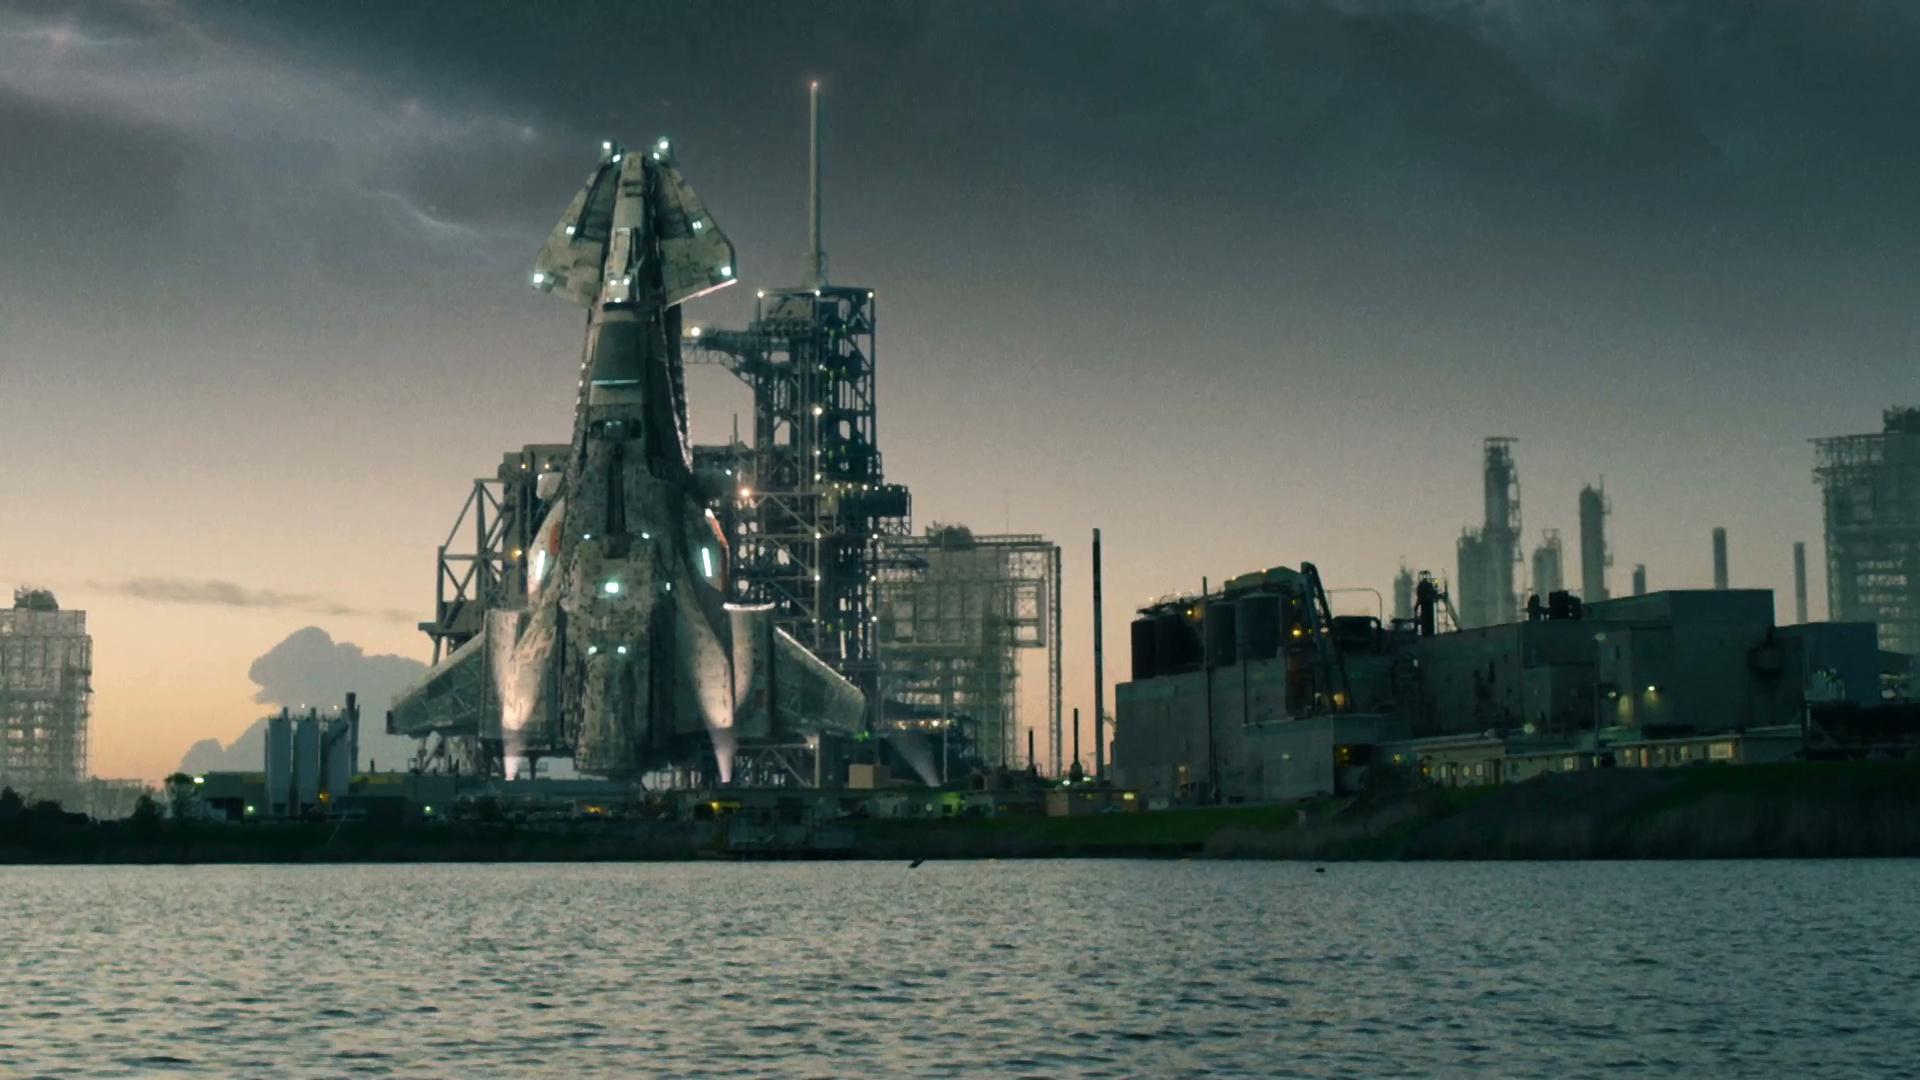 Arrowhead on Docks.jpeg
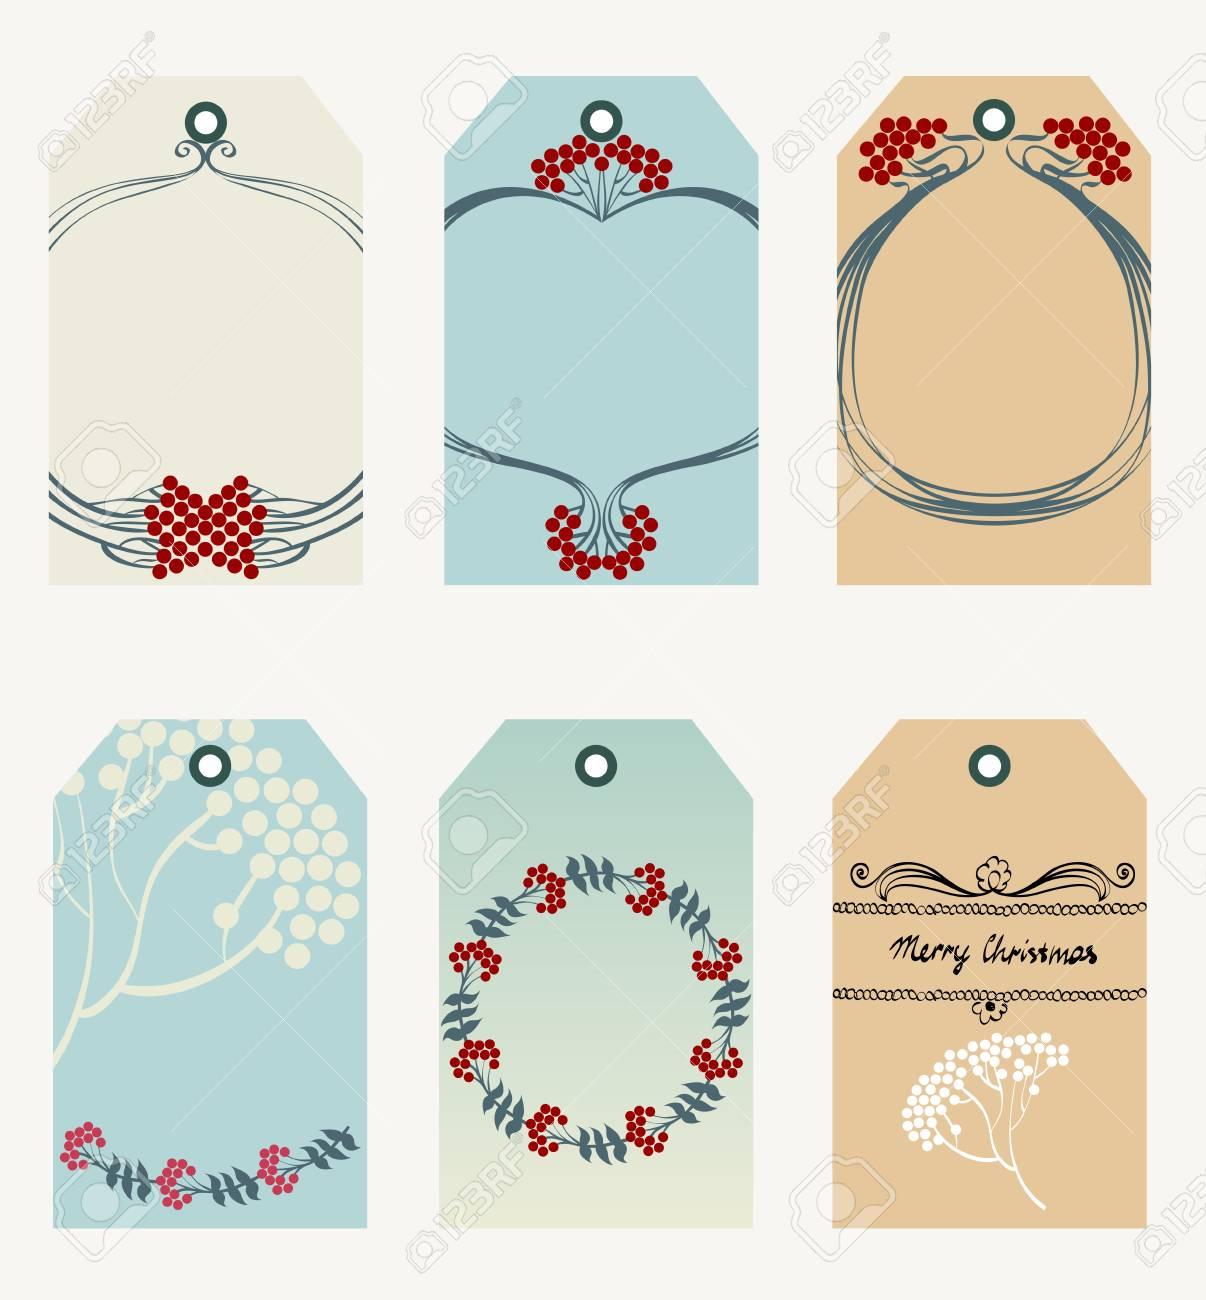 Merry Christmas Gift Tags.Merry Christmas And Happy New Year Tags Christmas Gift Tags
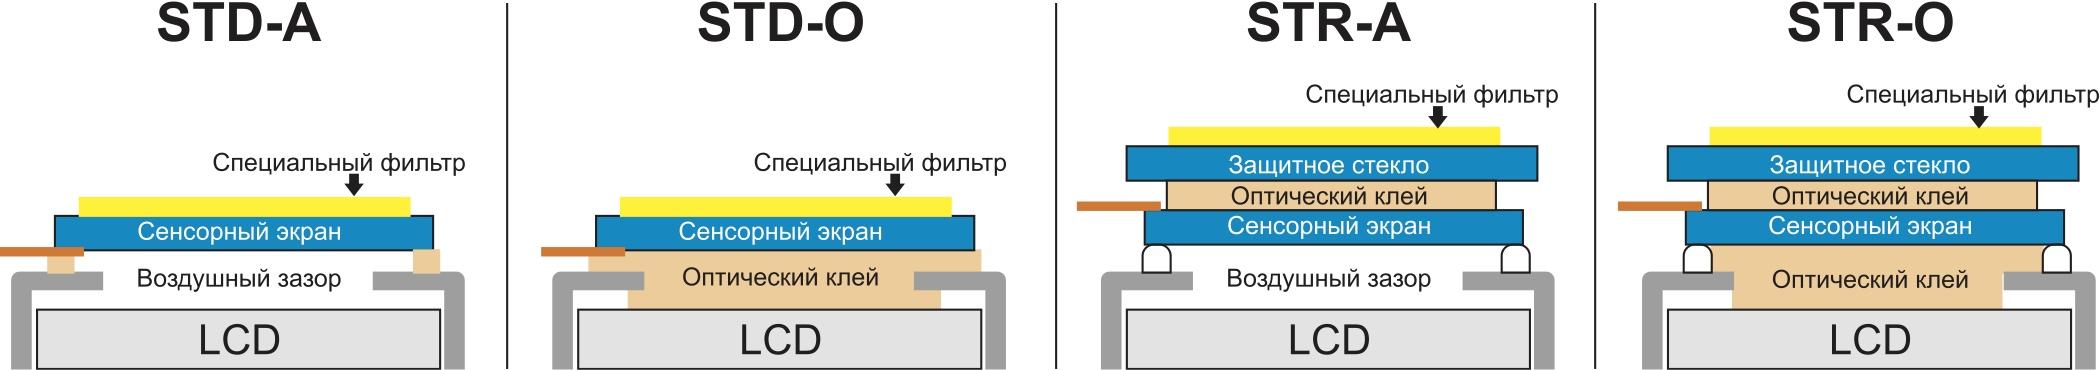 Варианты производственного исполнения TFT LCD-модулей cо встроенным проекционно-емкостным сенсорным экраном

- Prompt -
Now write out the data word for word, skipping every picture in it.

- Output of the exercise -
 Arrowhead on Docks.jpeg
 Merry Christmas Gift Tags.Merry Christmas And Happy New Year Tags Christmas Gift Tags
 Варианты производственного исполнения TFT LCD-модулей cо встроенным проекционно-емкостным сенсорным экраном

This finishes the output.